_SUPPLIED DATA_
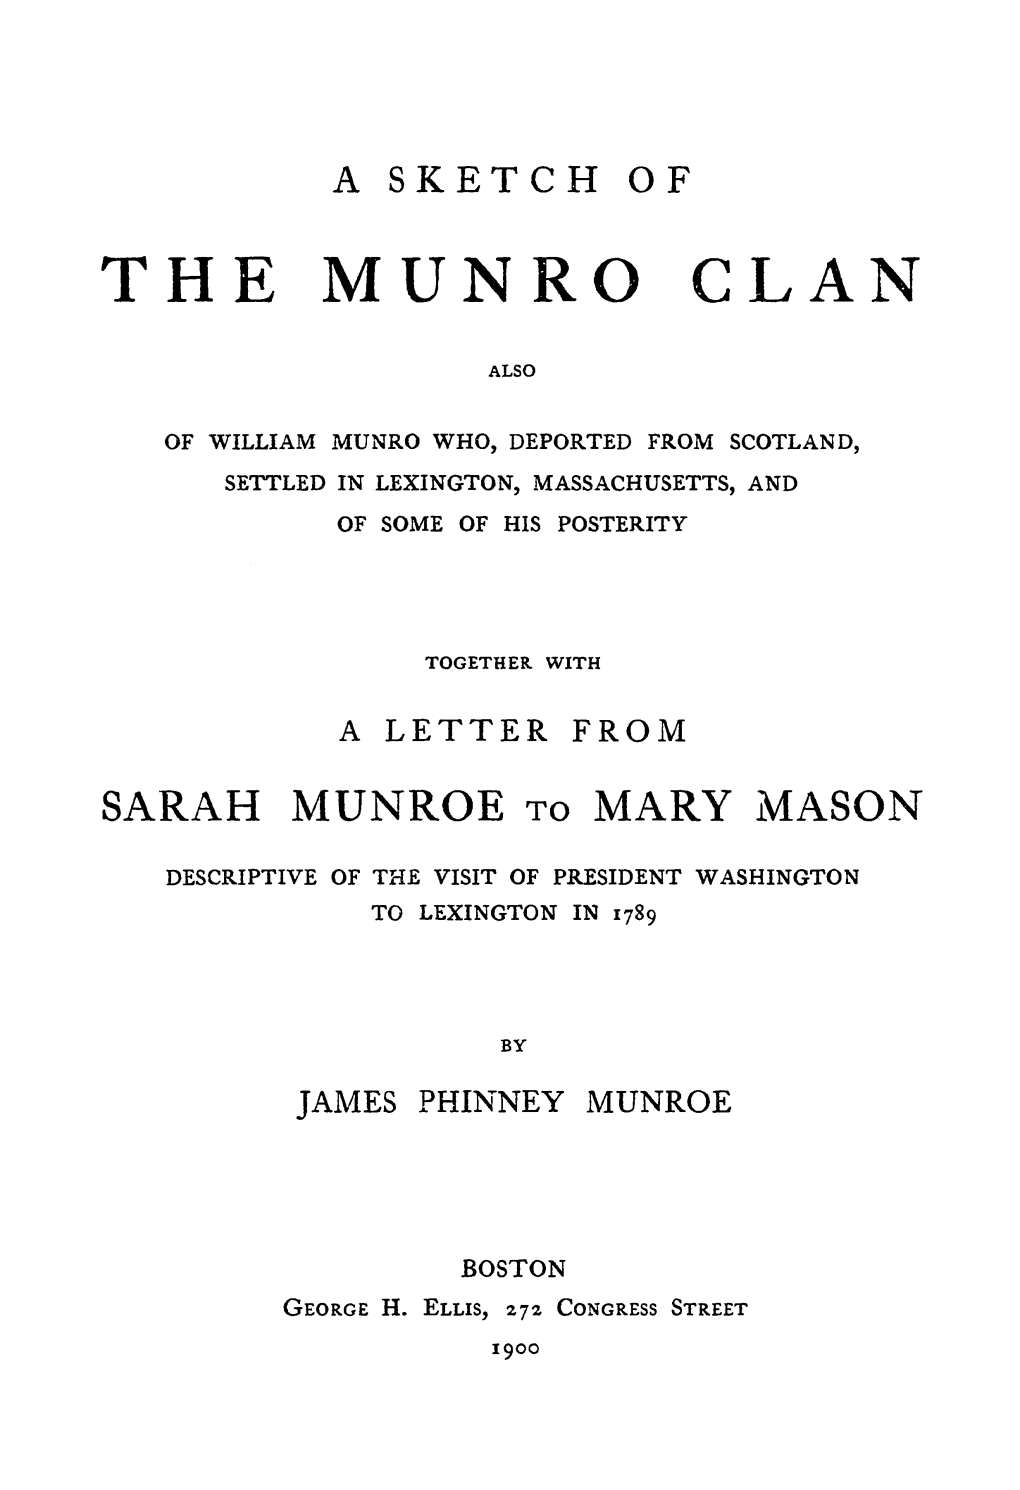 The Munro Clan
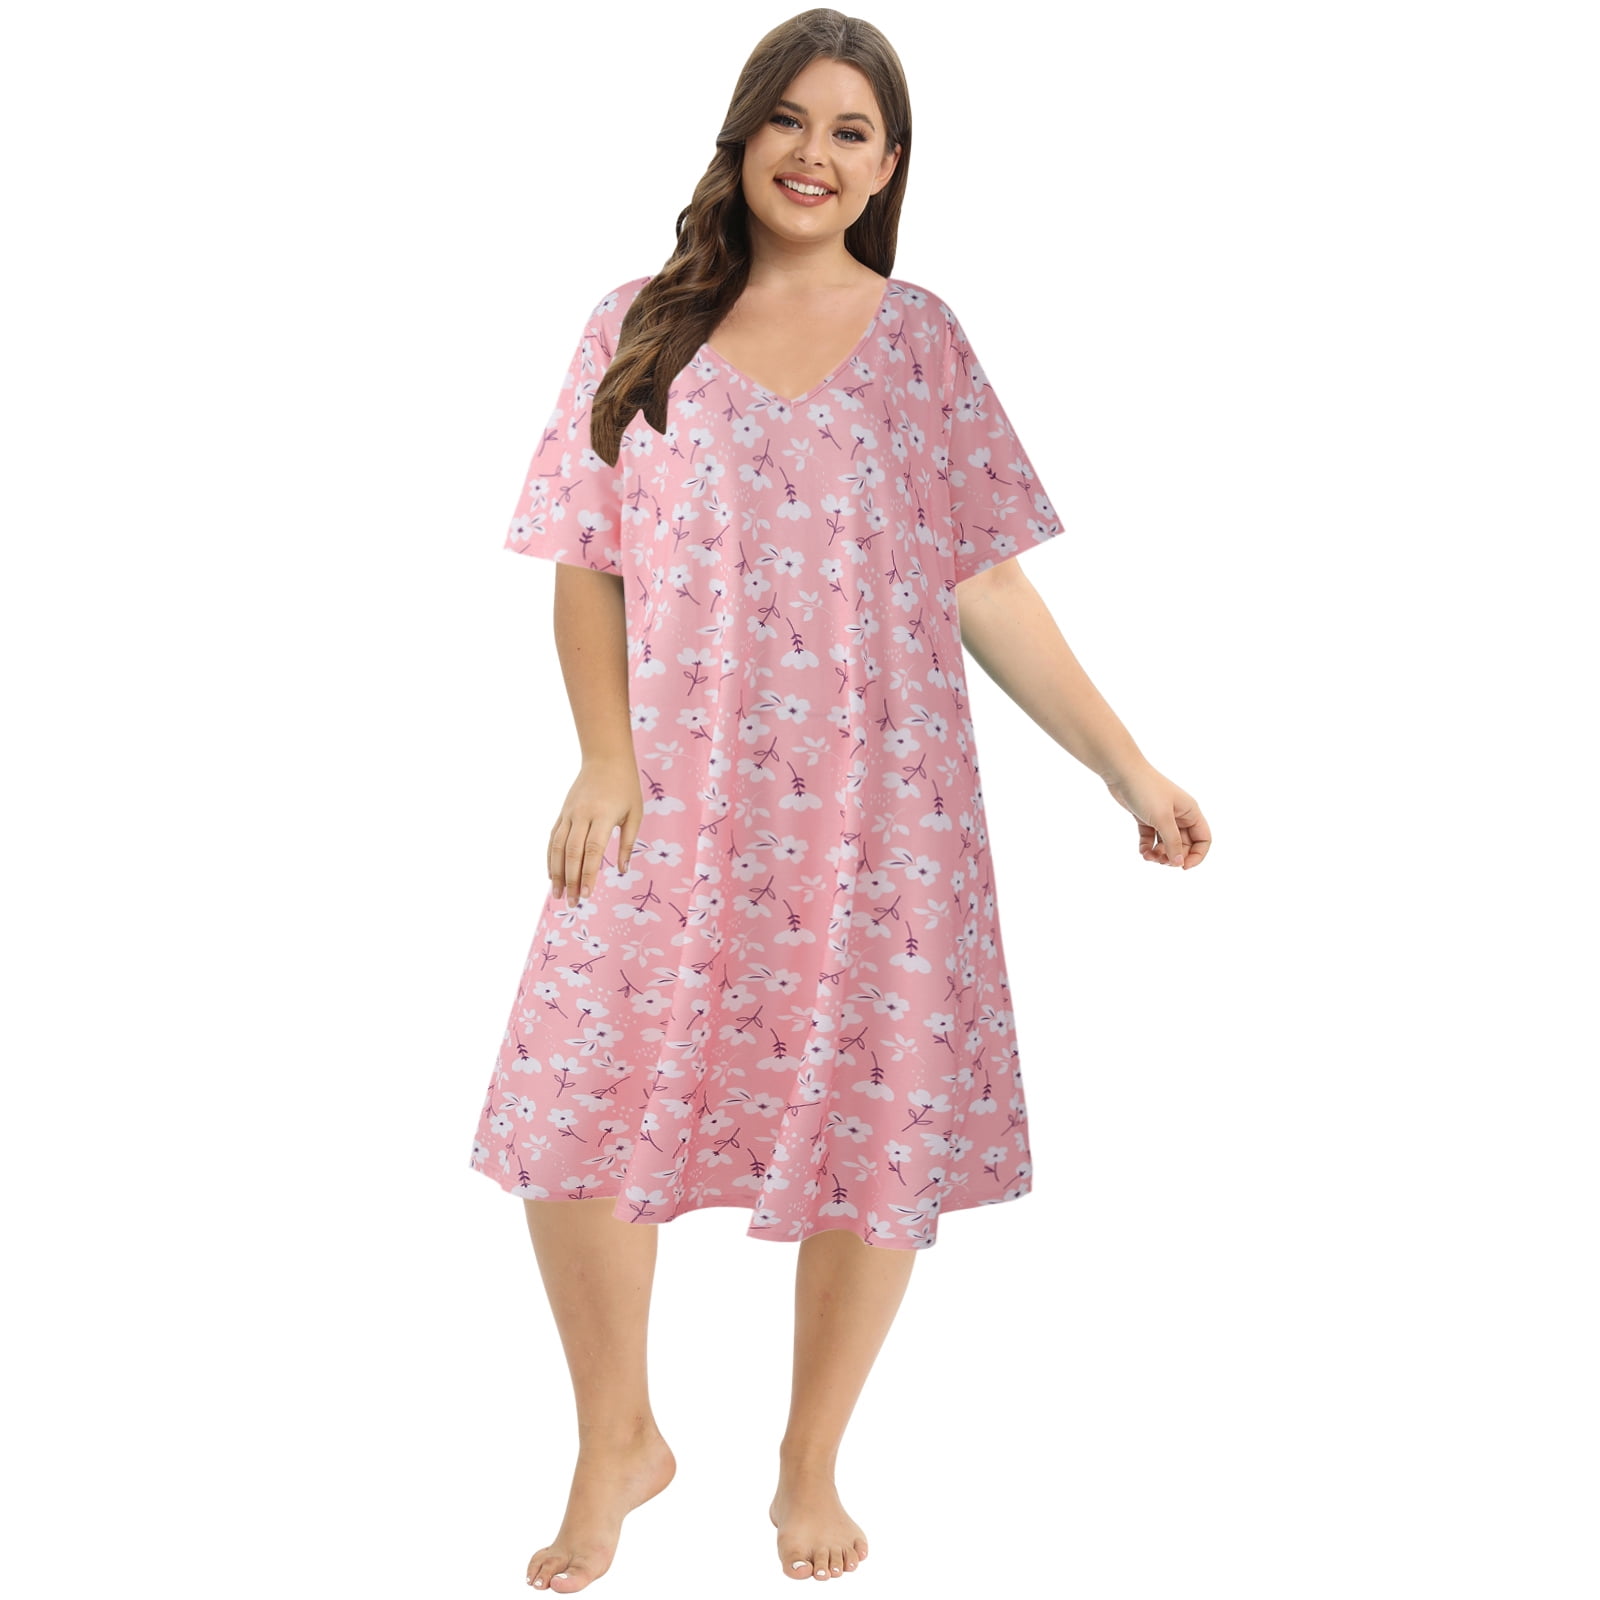 Valcatch Women's Nightgown Plus Size Printed Sleepshirts V Neck Short ...
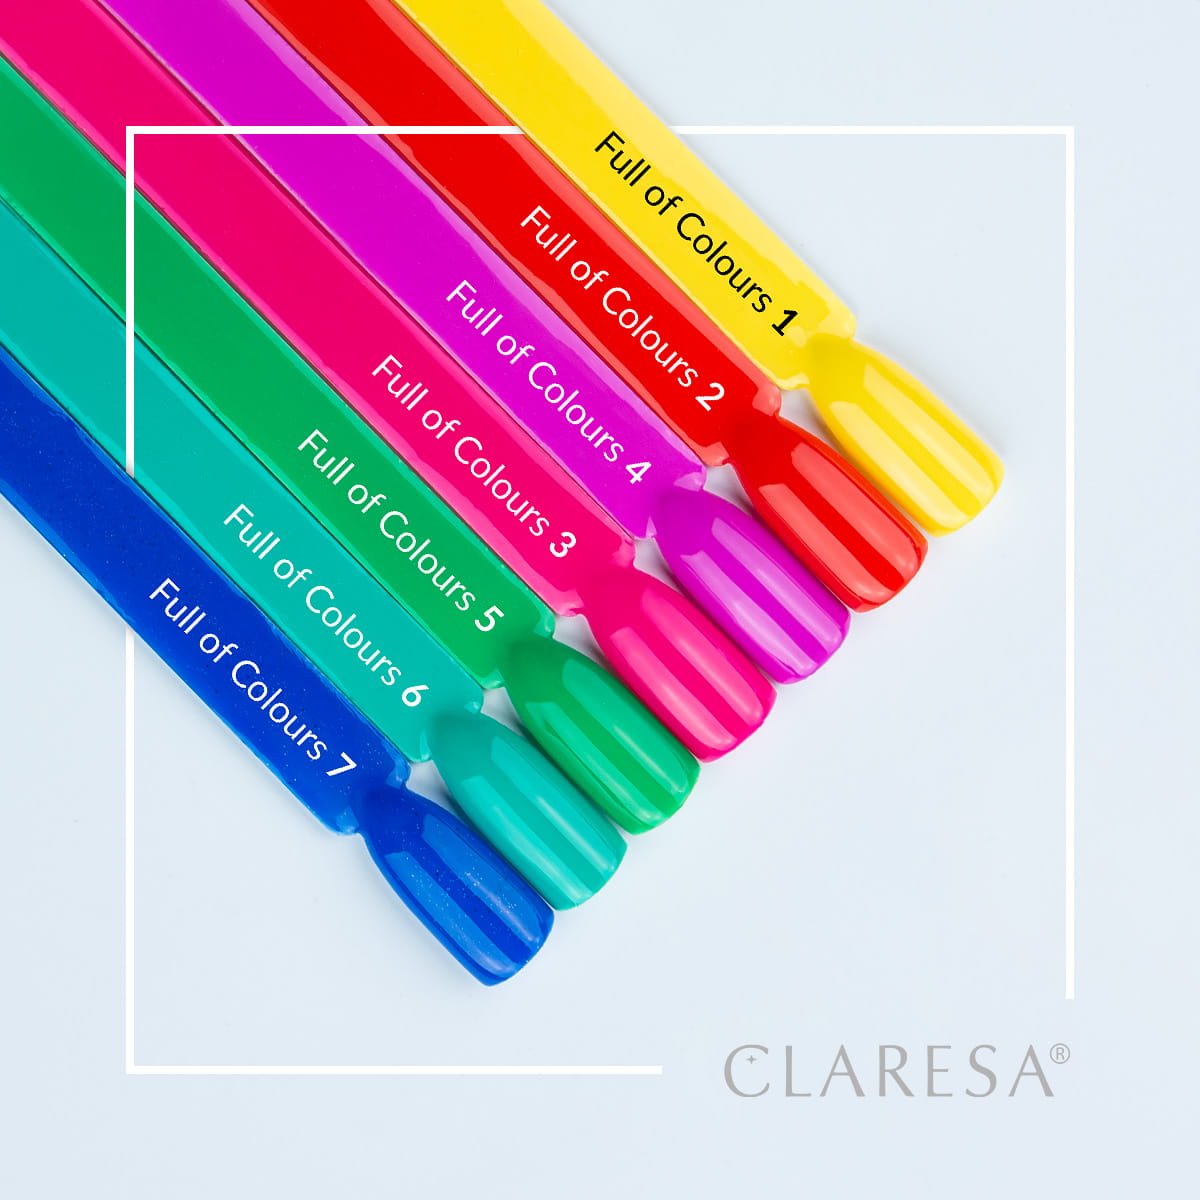 CLARESA Full of colours Hybrid Polish 1 -5g
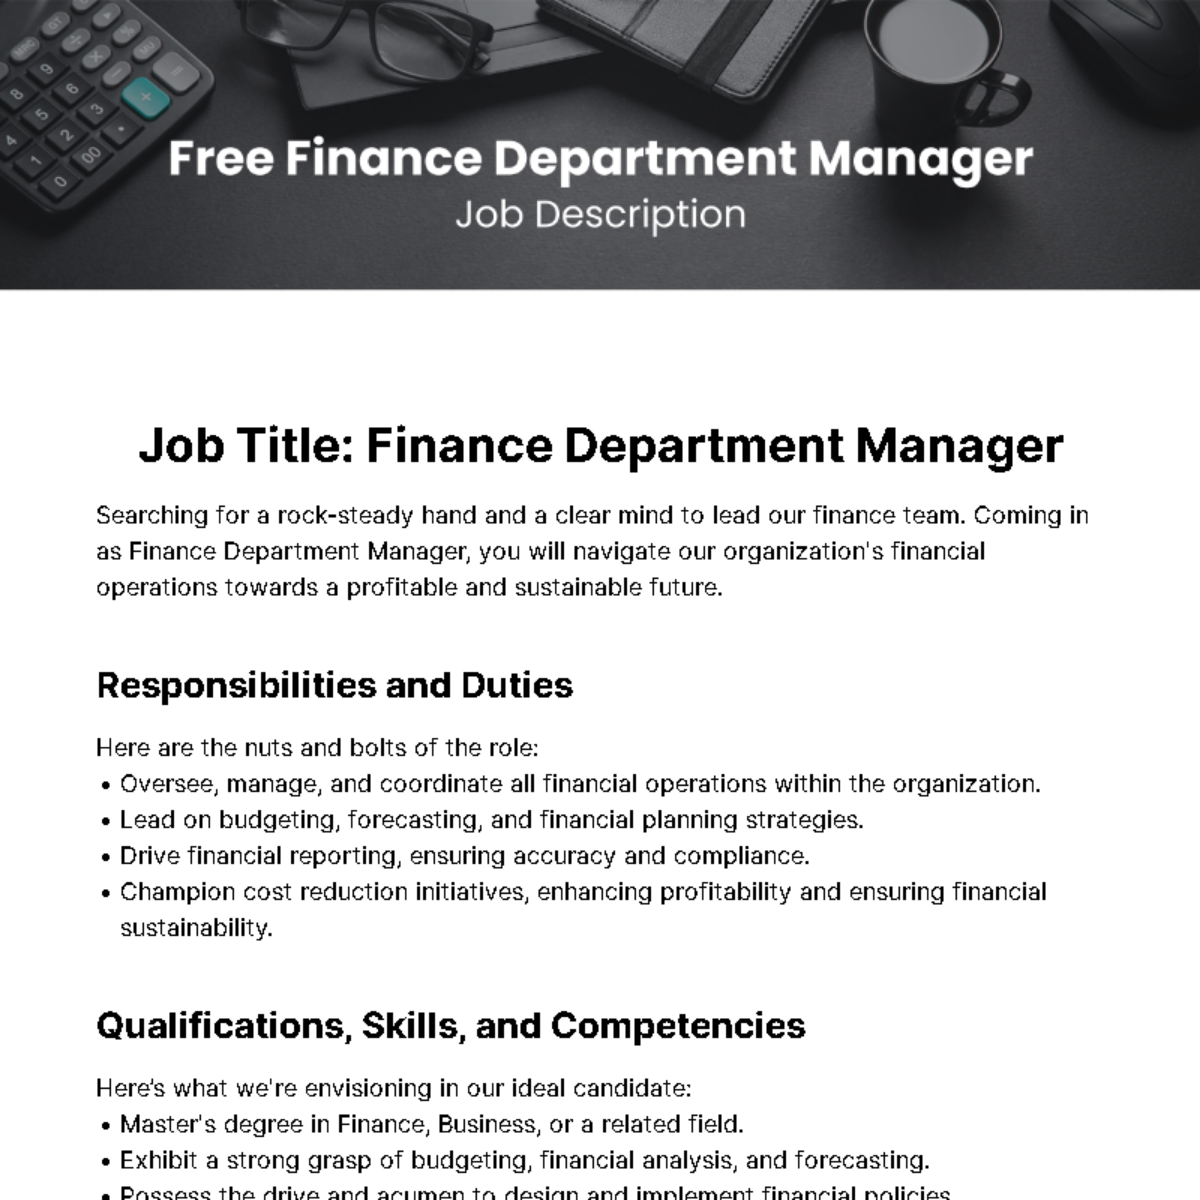 Finance Department Manager Job Description Template

_EXERCISE OBJECTIVE_
The copy should match each line above exactly and contain no images.

_SOLUTION TO THIS EXERCISE_
 The Munro Clan
 Valcatch Women's Nightgown Plus Size Printed Sleepshirts V Neck Short ...
 CLARESA Full of colours Hybrid Polish 1 -5g
 Finance Department Manager Job Description Template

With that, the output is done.